Not for the Birds

Friday, May. 24, 2019
By Marie Mischel
Intermountain Catholic

My friend asked incredulously, “You got up at 3 a.m. to go bird watching?”

Well, yeah, because by 6 a.m. I was parked alongside a mountain road, watching the rising sun tint pink the snow-capped peaks. The only sounds were the songs of the vesper sparrows and meadowlarks, the sharp whistles and trills from the one providing a musical counterpoint to the liquid stream of notes from the other. Greater sage-grouse contributed the drum line – a low beat coming from a pouch in their esophagus, which they inflate with up to a gallon of air before squeezing it out in a soft “boom, boom, boom.”

The vesper sparrow belongs to the taxonomic species Pooecetes, meaning grass dweller. Both its scientific and common names are apt, for it inhabits grasslands and sings into twilight, the hour of vespers. A small brown and white bird, it tends to be secretive, unlike its neighbor the meadowlark, which at this time of year often can be seen perched on the top branches of a shrub or fence post. Male meadowlarks sport a bright yellow breast with a V-shaped collar. Despite its eye-catching appearance, John James Audubon felt that the bird was so common that it was overlooked by early settlers, so he bestowed on it the scientific name of Sturnella neglecta, (starling-like ignored). These days, however, it is the state bird of six states.

It the pale dawn light I could see neither the sparrows nor the meadowlarks, but I could make out the real reason I was parked in that particular spot. Not too far in front of me were a dozen male greater sage-grouse, parading about in the hopes of impressing a hen.

Viewed head on the male greater sage-grouse looks like a stereotypical old-fashioned English gentleman – bald, with yellow eyebrows, strutting with a puffed-out chest and wearing a thick white scarf. From the rear he offers a different view entirely: His spiky tail feathers fan out like a war bonnet.

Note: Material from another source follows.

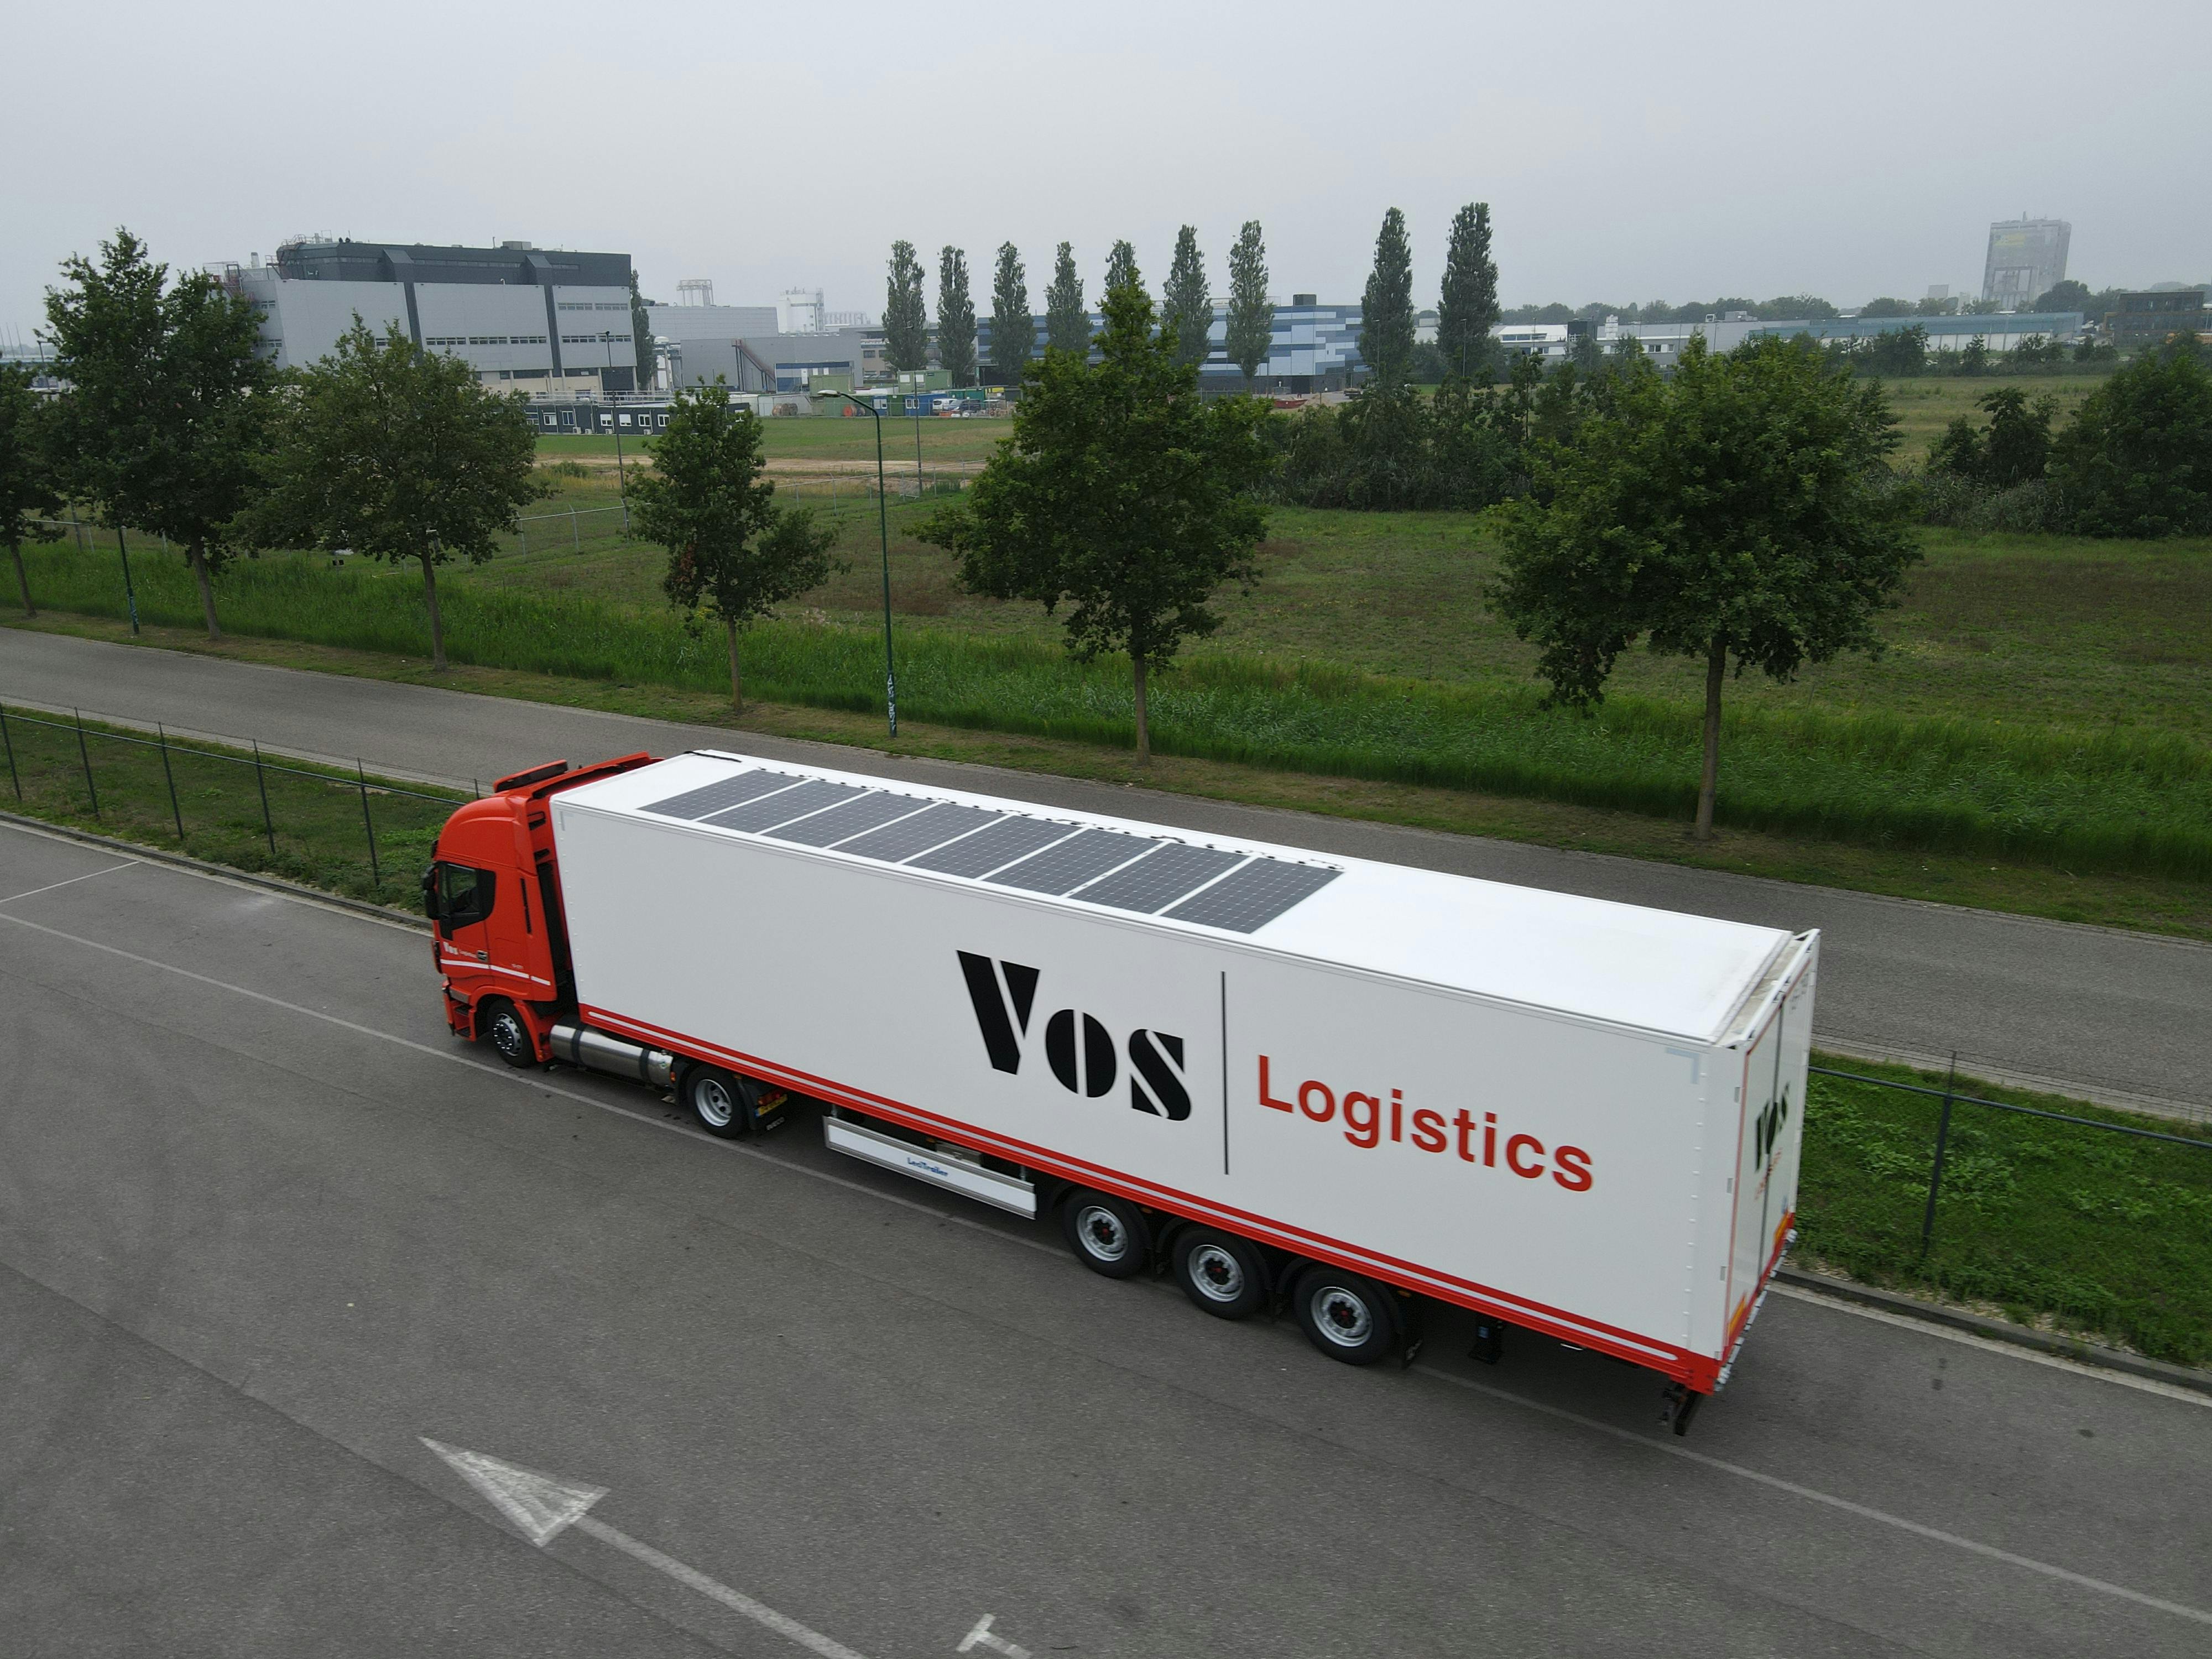 Vos logistics powers its truck with solar panels through SolarOnTop 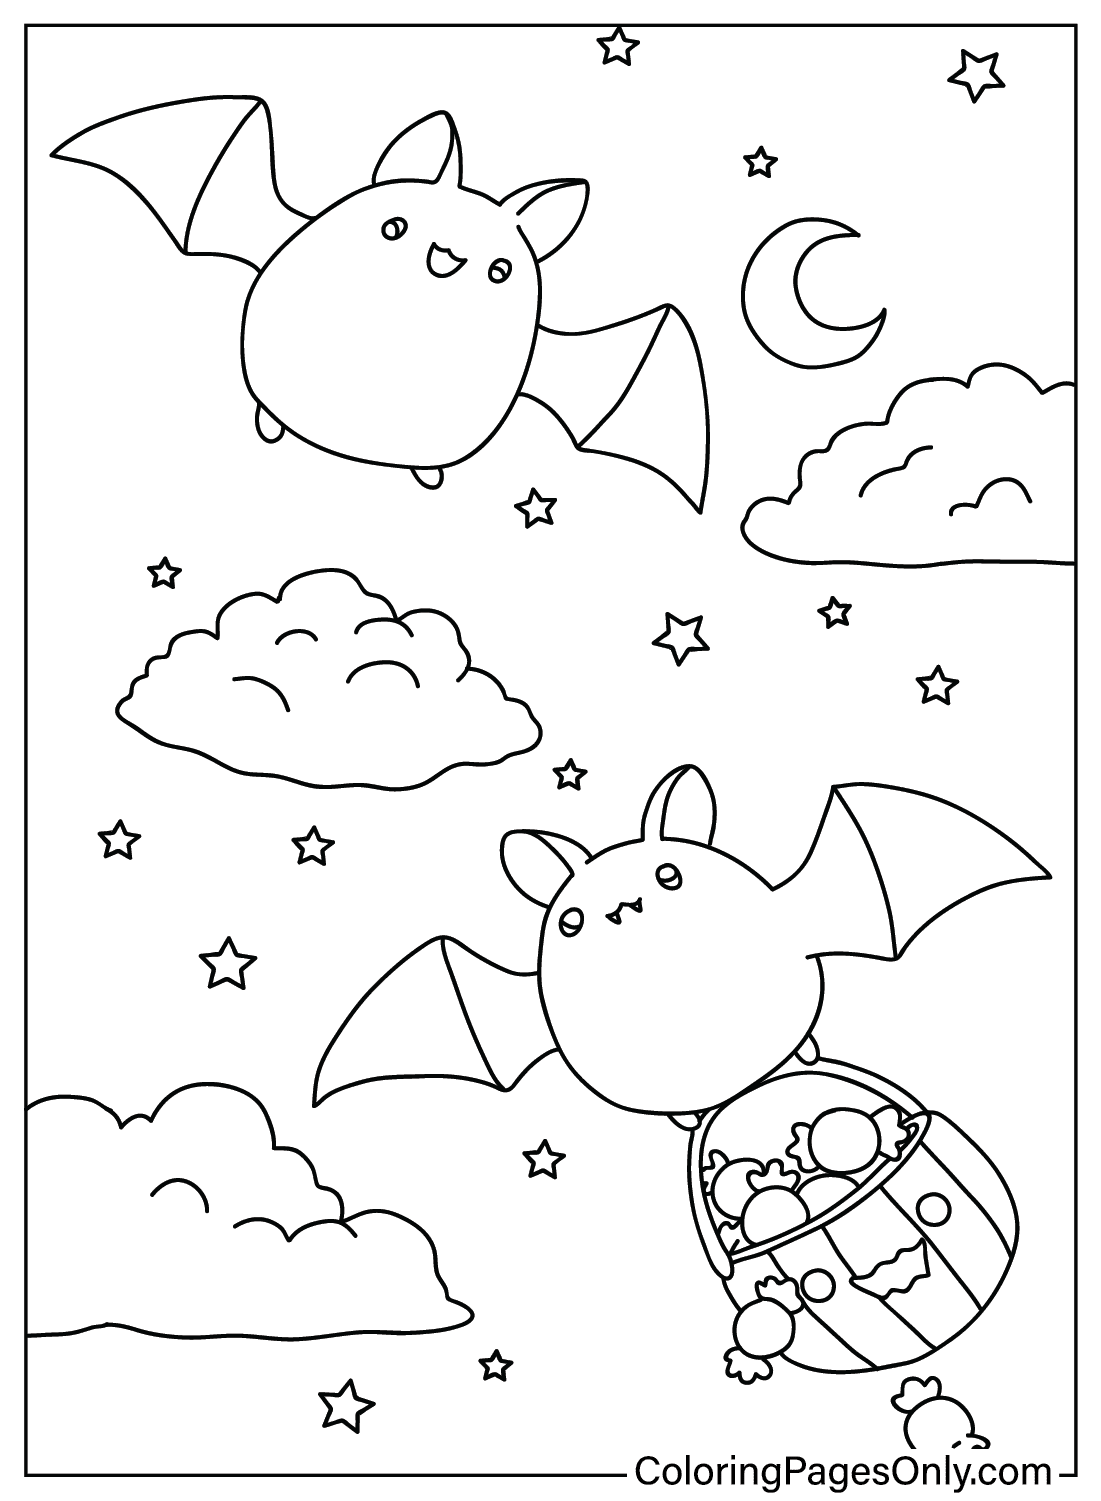 Página para colorear de Halloween de murciélago kawaii de Kawaii Halloween

Unlike the males, the female greater sage-grouse is unremarkable, a pudgy bird about the size of a chicken, with brown and white feathers that provide camouflage in their desert habitat. Even the males can be difficult to spot except in the early morning hours of breeding season, when they gather at a place known as a lek, an open area where they can be better seen and heard by females.

Because leks are located in prime areas for mineral extraction or housing development, habitat destruction led to greater sage-grouse being extirpated from five states in their historic range. It is an example of the urgent need to care for our common home that Pope Francis called for in his 2015 encyclical “Laudato Si’.” Conservation of the natural habitat is necessary because destruction of the environment is tied to society’s decline, he said: “The human environment and the natural environment deteriorate together; we cannot adequately combat environmental degradation unless we attend to causes related to human and social degradation.” (LS 48)

Conservationists ask us to consider, in the words of Pope Francis, “What kind of world do we want to leave to those who come after us, to children who are now growing up?” (LS 160)

Myself, I would like to leave a world in which those children can sit alongside a mountain road at dawn, listening to bird songs and watching the sunrise. I want them to be able to find a still, quiet spot that conjures images of Eden and thoughts of God’s creation – the type of place that is becoming increasing rare in our overcrowded, clamoring world.

Such places can be found today in part because there are those who appreciate their value. In 2015, after a decade of conservation work, the population of the greater sage-grouse was stable enough that the federal government decided not to give the bird protection through the Endangered Species Act. Because of that work, I was able to spend a morning contemplating God’s creation. Because of that work, there is hope that those who now are children will be able to do the same when they are my age. But this will only happen if that work is carried on. So, yes, I got up at 3 a.m. to go bird watching, not only for myself but to be able to share the experience in order that others may know conservation is not just for the birds, it’s for future generations.